• _YOUR TASK_
Please transcribe the data below in full, word for word, without the images.
[[ INFORMATION PROVIDED, beginning ]]
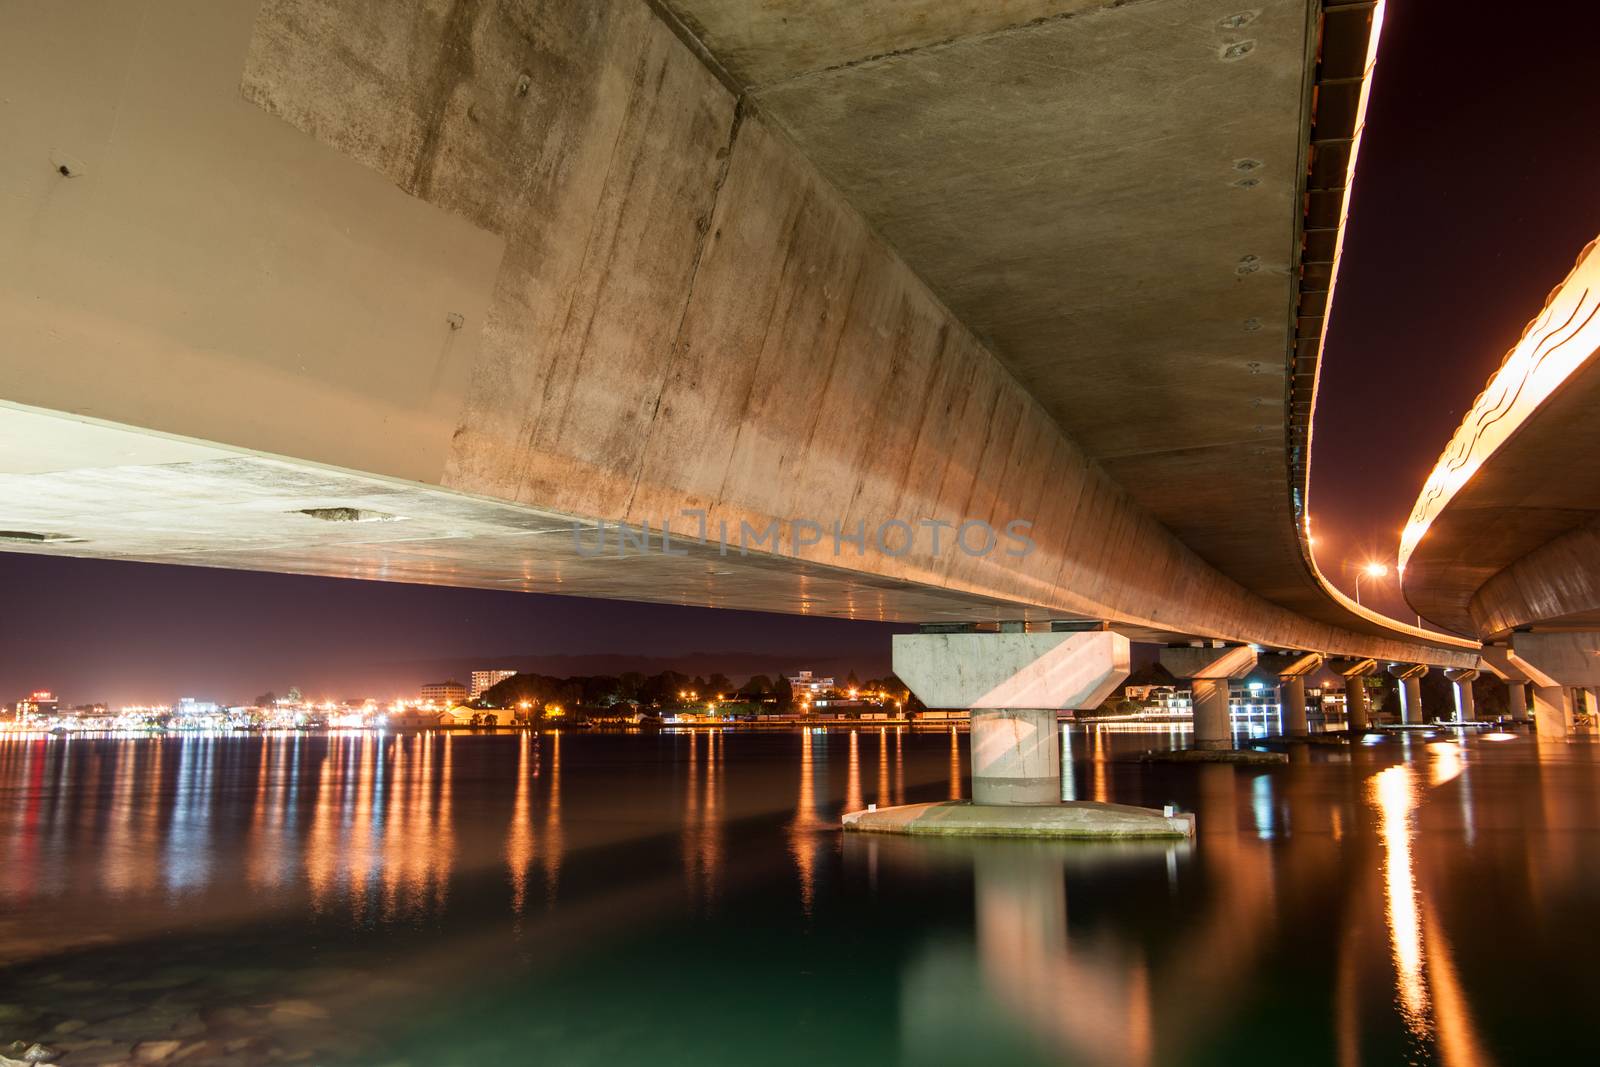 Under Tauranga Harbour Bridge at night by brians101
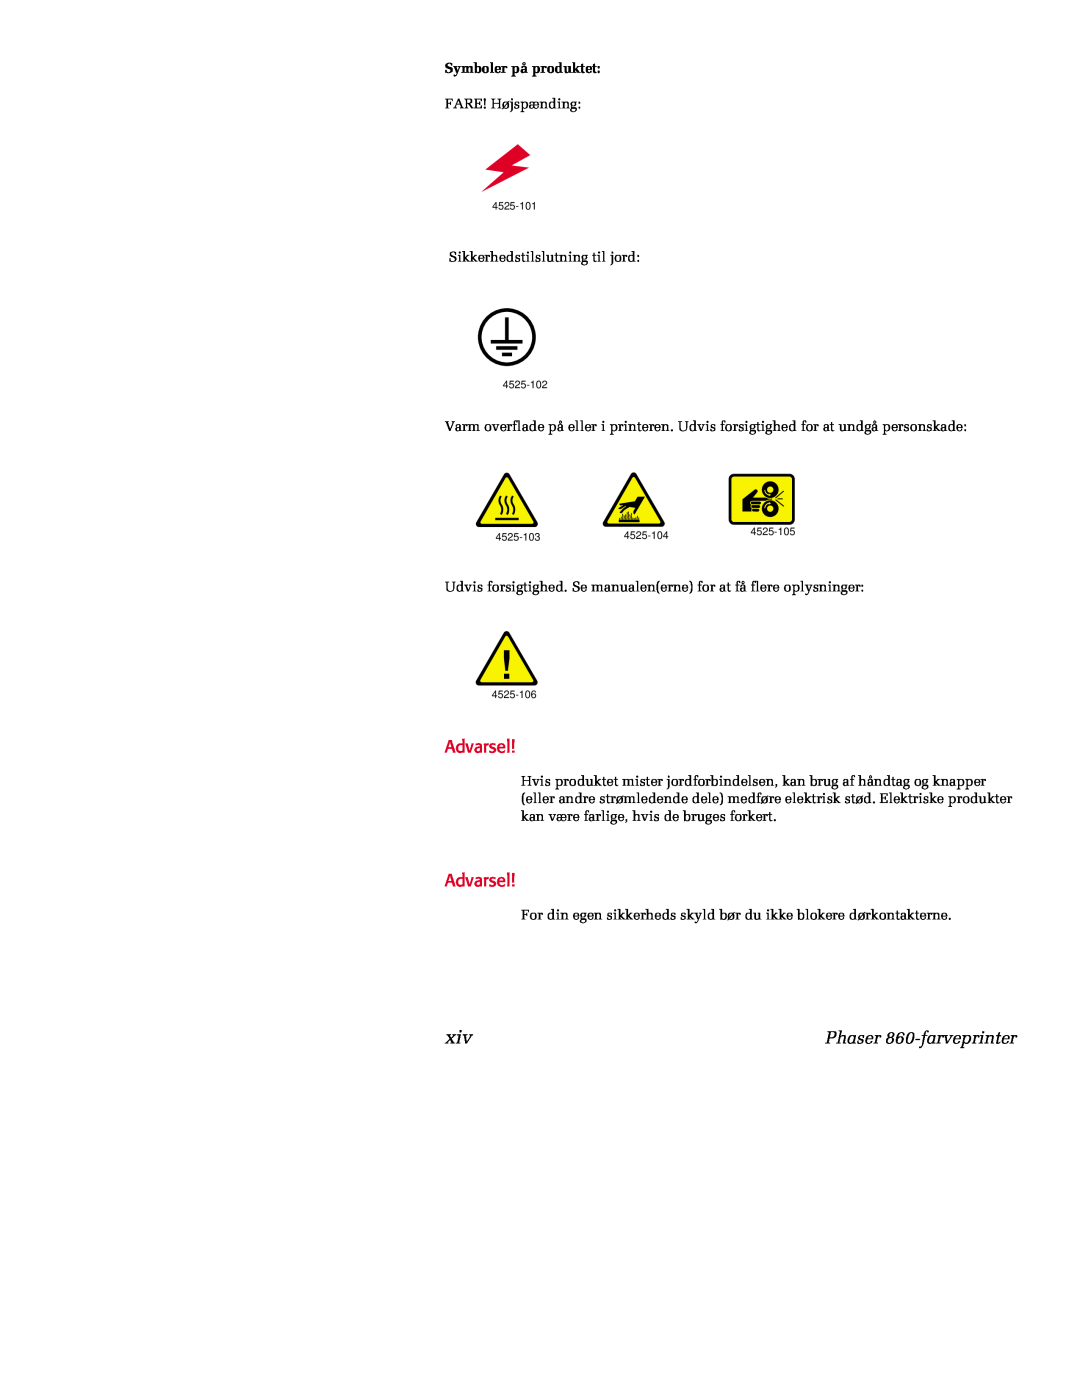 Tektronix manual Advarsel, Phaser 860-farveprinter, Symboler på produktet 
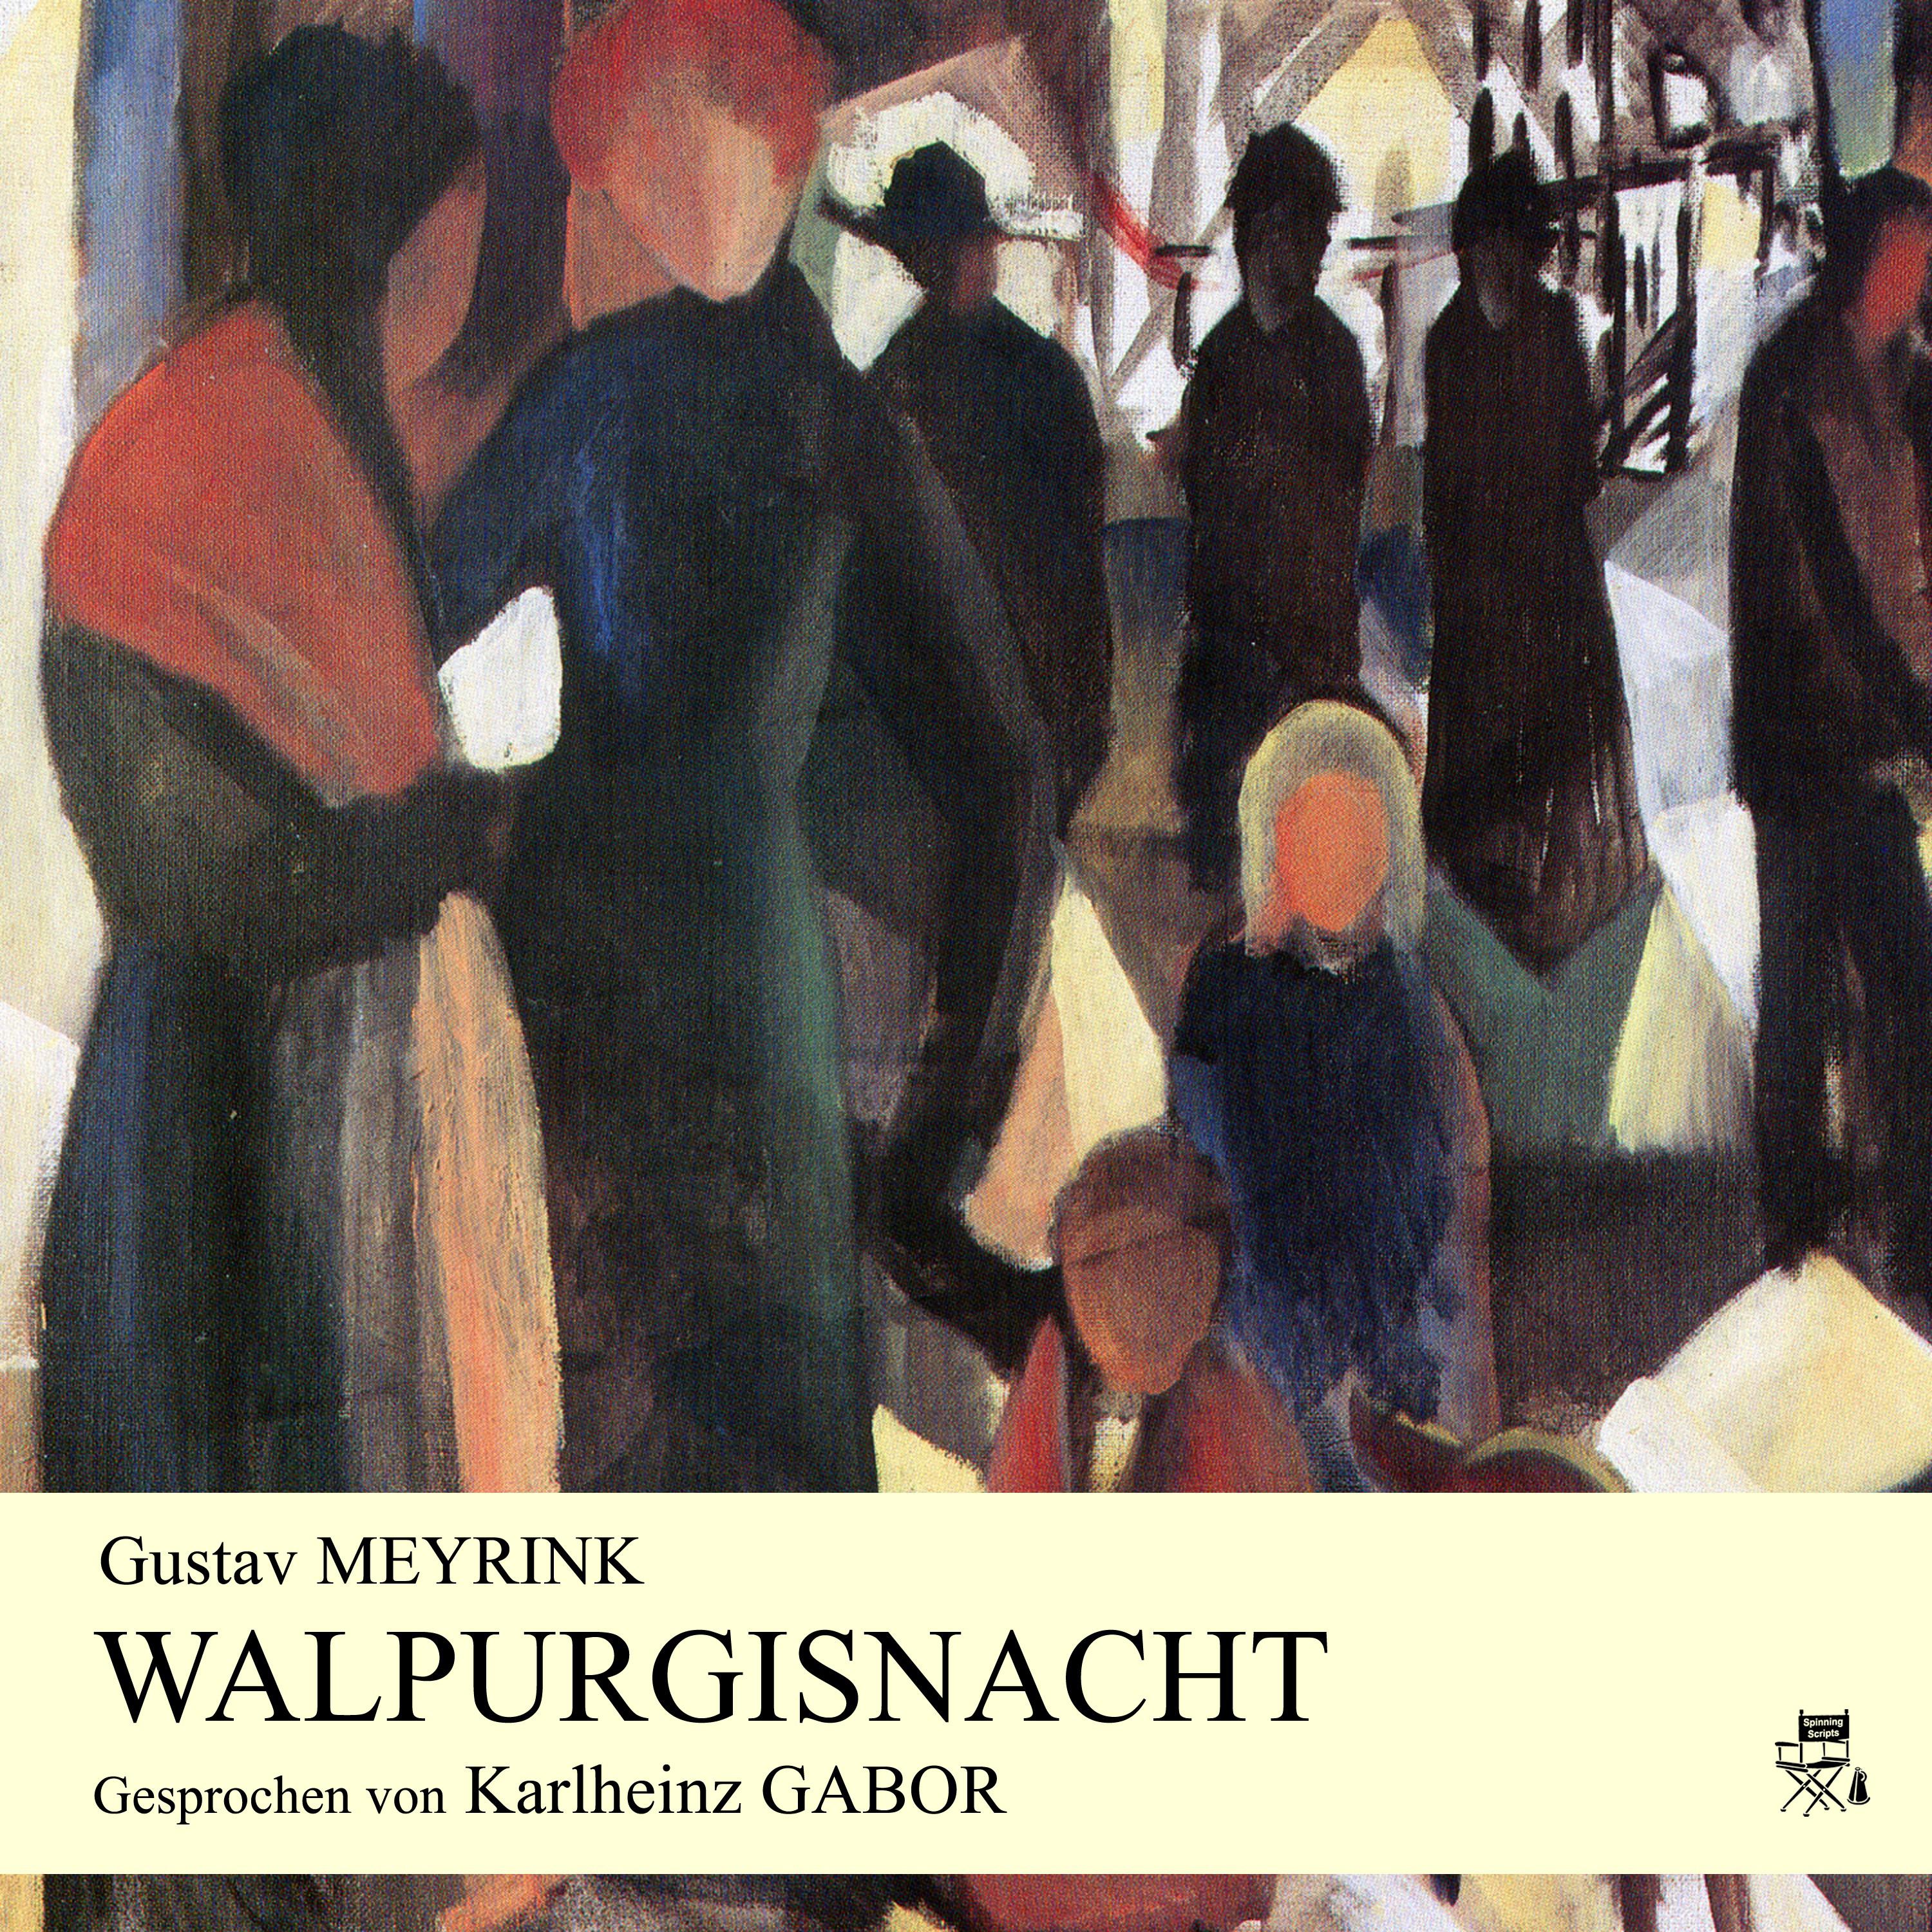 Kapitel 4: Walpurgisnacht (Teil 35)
[[ INFORMATION PROVIDED, end ]]
• _EXERCISE RESULT_
 Under Tauranga Harbour Bridge at night by brians101
 Tektronix manual Advarsel, Phaser 860-farveprinter, Symboler på produktet 
 Kapitel 4: Walpurgisnacht (Teil 35)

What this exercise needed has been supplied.